#### Exercise description
Look for the string "einer" in the listing below and copy every line in which it appears.

#### Dataset content

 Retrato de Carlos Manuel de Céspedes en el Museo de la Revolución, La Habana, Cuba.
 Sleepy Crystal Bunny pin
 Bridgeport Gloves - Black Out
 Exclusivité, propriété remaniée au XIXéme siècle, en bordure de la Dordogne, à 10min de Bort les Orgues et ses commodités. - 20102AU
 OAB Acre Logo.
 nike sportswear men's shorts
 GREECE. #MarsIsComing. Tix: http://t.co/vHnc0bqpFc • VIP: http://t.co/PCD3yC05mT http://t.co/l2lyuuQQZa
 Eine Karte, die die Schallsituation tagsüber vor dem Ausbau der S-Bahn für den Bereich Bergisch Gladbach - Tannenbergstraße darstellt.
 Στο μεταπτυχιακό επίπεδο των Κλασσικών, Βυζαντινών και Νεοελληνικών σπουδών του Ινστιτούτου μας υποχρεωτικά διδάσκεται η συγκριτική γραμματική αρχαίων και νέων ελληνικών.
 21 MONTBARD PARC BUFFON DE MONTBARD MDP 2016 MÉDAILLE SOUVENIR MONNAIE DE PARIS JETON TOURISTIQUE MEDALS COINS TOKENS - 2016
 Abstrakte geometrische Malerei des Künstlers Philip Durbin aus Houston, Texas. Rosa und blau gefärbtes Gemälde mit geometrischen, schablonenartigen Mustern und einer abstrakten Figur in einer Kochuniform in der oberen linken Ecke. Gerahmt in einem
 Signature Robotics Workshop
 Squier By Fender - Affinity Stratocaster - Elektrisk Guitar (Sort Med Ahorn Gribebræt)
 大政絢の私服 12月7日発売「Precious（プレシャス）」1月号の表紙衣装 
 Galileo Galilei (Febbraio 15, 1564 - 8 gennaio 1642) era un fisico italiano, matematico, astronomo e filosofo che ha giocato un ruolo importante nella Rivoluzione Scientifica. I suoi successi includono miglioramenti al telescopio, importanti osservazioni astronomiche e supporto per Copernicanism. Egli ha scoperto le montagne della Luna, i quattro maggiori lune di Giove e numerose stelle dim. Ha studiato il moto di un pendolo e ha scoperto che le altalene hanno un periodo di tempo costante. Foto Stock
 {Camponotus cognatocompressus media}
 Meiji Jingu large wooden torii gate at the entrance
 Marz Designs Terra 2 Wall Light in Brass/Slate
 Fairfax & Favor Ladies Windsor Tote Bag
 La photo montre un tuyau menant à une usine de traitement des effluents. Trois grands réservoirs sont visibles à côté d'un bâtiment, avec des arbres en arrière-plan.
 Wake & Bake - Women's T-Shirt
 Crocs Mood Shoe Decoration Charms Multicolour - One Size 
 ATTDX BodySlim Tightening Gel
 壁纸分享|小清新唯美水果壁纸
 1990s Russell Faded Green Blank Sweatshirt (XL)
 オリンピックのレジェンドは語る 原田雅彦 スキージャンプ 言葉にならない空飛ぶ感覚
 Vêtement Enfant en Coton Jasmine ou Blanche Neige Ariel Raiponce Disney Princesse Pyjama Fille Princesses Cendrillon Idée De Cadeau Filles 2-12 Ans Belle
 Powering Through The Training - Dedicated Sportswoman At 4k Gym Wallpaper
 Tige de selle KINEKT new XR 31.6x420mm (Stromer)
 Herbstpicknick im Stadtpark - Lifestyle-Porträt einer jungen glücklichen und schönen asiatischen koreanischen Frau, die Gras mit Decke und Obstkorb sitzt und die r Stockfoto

#### Response to the task
 Abstrakte geometrische Malerei des Künstlers Philip Durbin aus Houston, Texas. Rosa und blau gefärbtes Gemälde mit geometrischen, schablonenartigen Mustern und einer abstrakten Figur in einer Kochuniform in der oberen linken Ecke. Gerahmt in einem
 Herbstpicknick im Stadtpark - Lifestyle-Porträt einer jungen glücklichen und schönen asiatischen koreanischen Frau, die Gras mit Decke und Obstkorb sitzt und die r Stockfoto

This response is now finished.